Since a browser’s WebAssembly engine would have full knowledge of the js builtin module, it should be able to optimize string/object accesses as well as a normal JavaScript JIT compiler (perhaps even using the same JIT compiler).

WebIDL integration

Using opaque reference types, it would be possible to allow direct access to DOM and Web APIs by mapping their WebIDL interfaces to WebAssembly builtin module signatures. In particular:

This high-level description glosses over many important details about WebIDL:

First, the WebIDL spec contains many JavaScript-specific details that are unnecessary in a WebAssembly context. In particular, there are basically three components specified by a WebIDL interface:

  1. a signature declaration composed of language-independent data types (like IEEE754 doubles and floats);
  2. a set of basic wellformedness checks that are executed on the arguments of the signature declared in (1); and
  3. a JavaScript-specific algorithm that maps the arbitrary set of JavaScript values passed to a WebIDL invocation to the signature declared by (1) and checked by (2).

(1) and (2) of the WebIDL spec are meaningful to WebAssembly, but (3) would effectively be skipped.

Another important issue is mapping WebIDL values types that aren’t simple primitive types:

  • Dictionary types would appear to require JavaScript objects but are actually defined as values such that they can be (and are, in various browser implementations) flattened to C structs. Thus, a natural WebAssembly binding would be to map dictionaries to structs in linear memory passed by reference (integer offset).
  • The same goes for sequence types.
  • Enumeration types could be mapped to canonical integers.
  • Union types could be handled in multiple ways. One option is to treat the union type itself as an importable opaque reference type (when all the elements are themselves reference types). Another option is to introduce an overload of each signature for each element of the union type such that all calls passed a single element type and the full Union Type was never explicitly represented in WebAssembly.
  • Callback function types could map to a (function pointer, environment pointer) closure pair.

Overall, the goal of mapping WebIDL to WebAssembly builtin modules is to avoid the need to define a duplicate WebAssembly interface for all Web APIs. In practice, some WebIDL patterns may have an unnatural or inefficient mapping into WebAssembly such that new overloads and best practices would need to be adopted. Over time, though, these rough edges would be ironed out leaving the long term benefit of defining Web APIs with a single interface and ensuring that JavaScript and WebAssembly always had access to the same raw functionality.

Native GC

In contrast to opaque reference types, a second feature would be to allow direct GC allocation and field access from WebAssembly code through non-opaque reference types.
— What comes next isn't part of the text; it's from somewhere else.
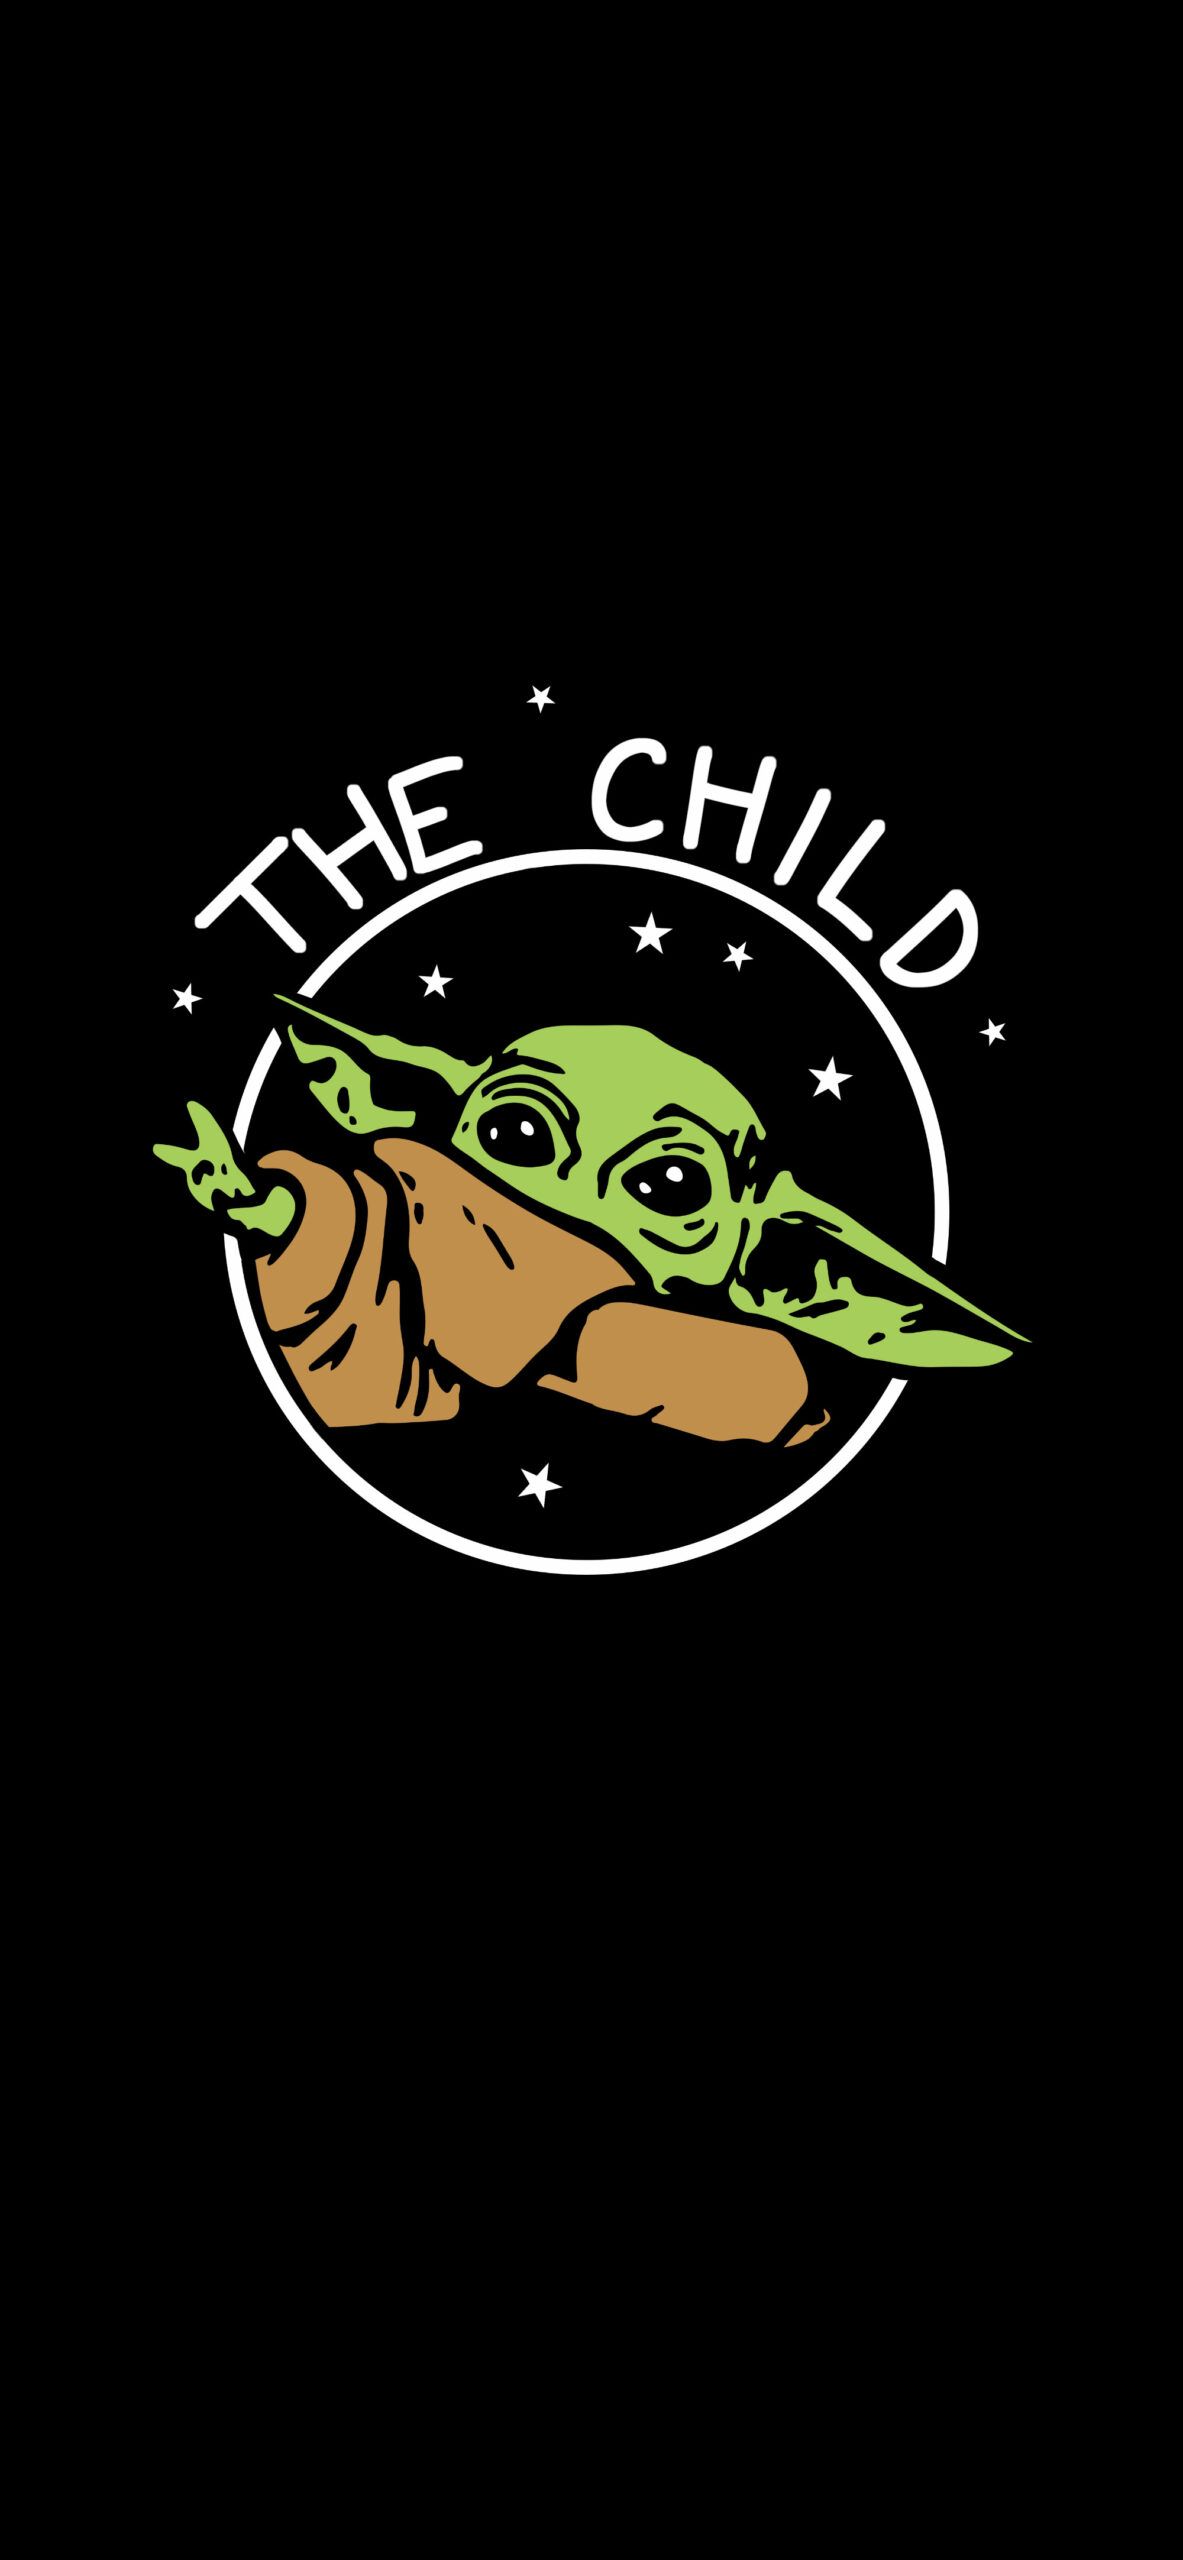 The child logo - Baby Yoda

There is a lot of the design left to consider for this feature, but a few points of tentative agreement are:

  • To avoid baking in a single language’s object model, define low-level GC primitives (viz., structs and arrays) and allow the source language compiler to build up features like virtual dispatch and access control.
  • GC struct and array types would have associated struct/array reference types that were similar to and symmetric with opaque reference types (just not opaque).
  • The GC heap would be semantically distinct from linear memory and thus the fields of GC objects could safely hold reference types (unlike linear memory).
  • The GC struct and array types could be passed to and from JavaScript by reflecting the WebAssembly GC objects in JavaScript using the Typed Objects proposal.